Новое общество всего должно по кому-то формироваться, где должны быть дисциплина и ненависть к классовым врагам. И проблема даже не в том, что у руля чаще всего не очень умные люди, скорее «Горе от ума», чем не профессионалы, а товарищ товарища, брат жены или старый друг революционный. Горожанам по-барабану кто капитан у штурвала… Но не только в самих людях проблема, не только во власти… В чем-то гораздо большем. Ведь это как небезызвестные обеспечения «Военного коммунизма», а после беспощадные «Ножницы цен» и ведь есть же страны скандинавские, где чиновники не воруют. Никто. У них считается, что это плохо. А здесь сама суть такая — воруй, если можешь, делай, если можешь, не неси ответственность, а переложи, если можешь. А ведь борцы за идею… Так изменит ли хоть что-то, хоть на йоту его отказ от власти и ее уступка? Нет. Сама идеология настолько несостоятельна, что попросту понимая это, будешь неосознанно регрессировать к уже имеющимся, попросту потому что ни ты, как власть, ни люди по-другому не умеют и даже не хотят уметь. Фейг его подсиживает и трется с Курбским, так не легче ли этой досадной случайности, что началась с Марка, закончиться им же? Цезарь тоже надеялся, однако, на Брута, но… Он уже принял решение.

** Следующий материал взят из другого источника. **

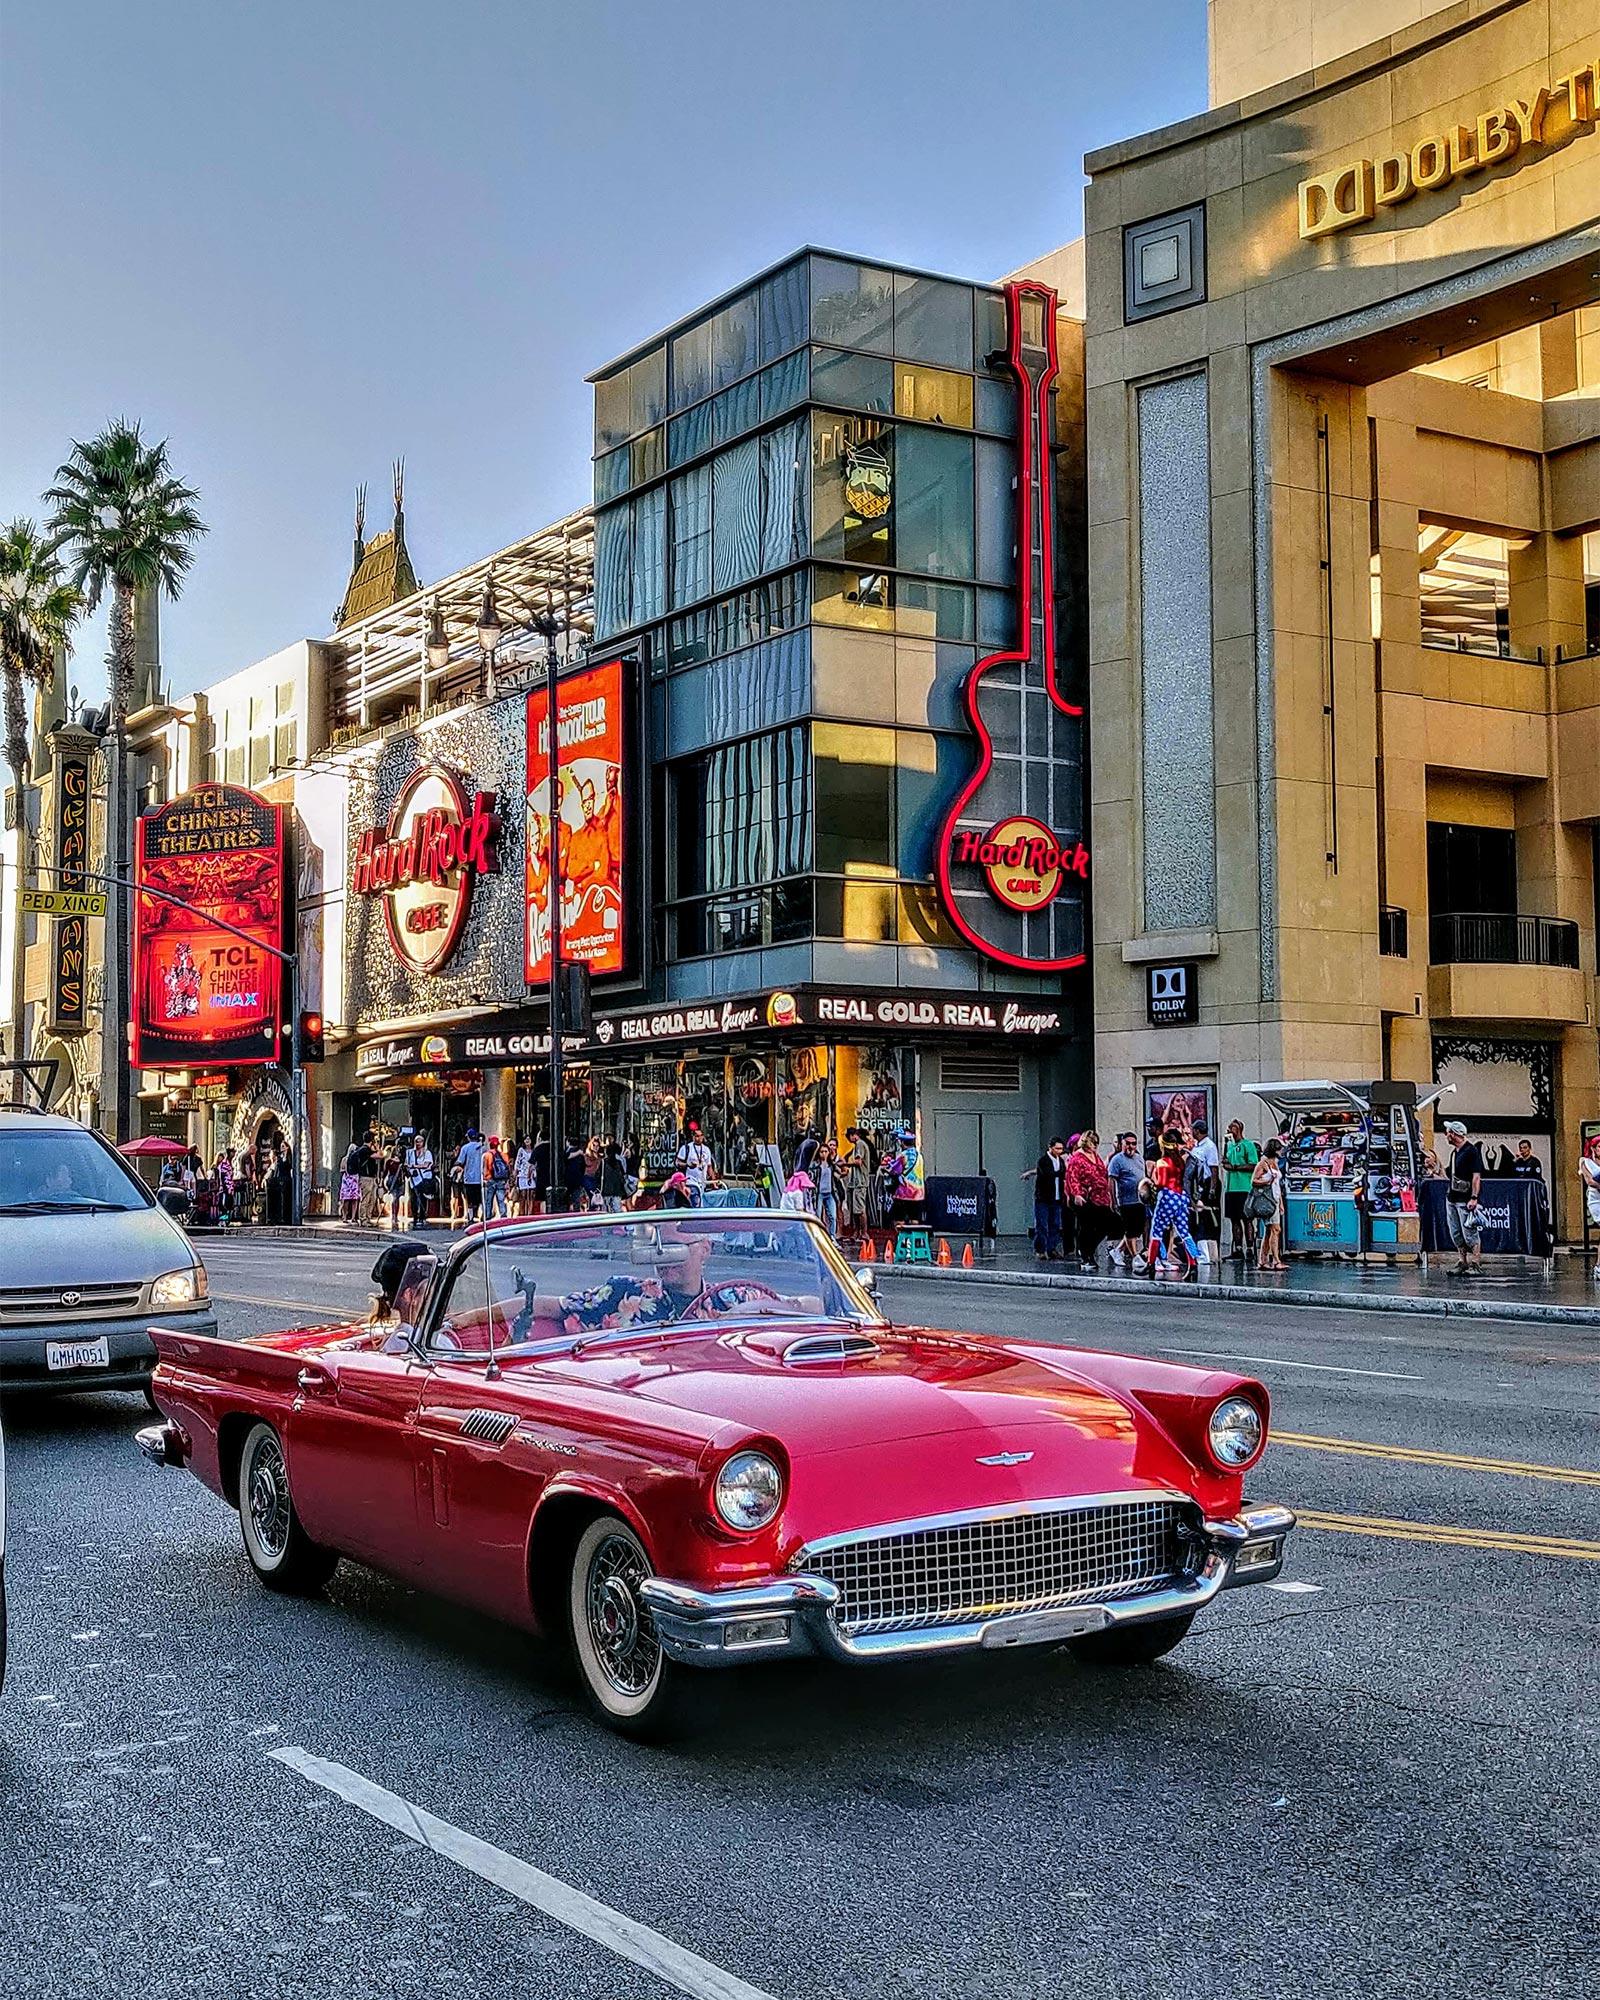 Hollywood neighborhood in Los Angeles.

Революция же — это когда люди на улицах стреляют друг в друга из ружей, разбивая много стекол, и только стекольщики извлекают из этого какую-никакую пользу. Ветер уносит дым, оставшиеся в живых хоронят своих мертвецов, Оля попутно могилы и себе. На палках у зданий мэрий меняют тряпки на палках, называемые флагами, что однажды просто станут никому не нужной пылью… И первый проходимец торопливо карабкается на трон и занимает опустевшее место… Он рад, он — власть. И Народу кажется, что он свободен в революциях, это же — страшный самообман. Он нескончаемый раб темных стихий и своего собственного рабского сознания… В революции не бывает и не может быть свободы и свободных, революция всегда враждебна духу свободы… Революция… Случается с человеком, как случается болезнь, какая-нибудь чума, что сьедает тебя изнутри, несчастье, стихийное бедствие, пожар или наводнение… Что-то неконтролируемое, с одним лишь отличием, что оно реально контролируемо.

Марк покосился на пустые листы бумаги и гербовые рядом. Взял торопливо первое, что под руку попалось — карандаш и быстро стал выцарапывать на листке наметку для статьи. Хоть раз он признается себе, что его жалкие потуги заводят самого себя в тупик. Комнату без окон и дверей, где он просто задохнётся от асфиксии, ведь и люди узнают прогноз погоды лишь затем, чтобы узнать, когда будет ветер перемен. Человек совсем не меняется, а не меняется он — не меняется и всё его окружающее. Он дает множество клятв только лишь, когда его кладут на лопатки. Но когда все налаживается, он снова может без аркана дышать полной грудью, он снова возвращается к своему привычному образу… Он не знает в грот или на дно это дорожка… Меньше всего хочется оказаться рабом своих же иллюзий, оказаться между молотом и наковальней и просто ждать, что из этого размозжит тебе бошку быстрее и на самом деле плевать, просто плевать.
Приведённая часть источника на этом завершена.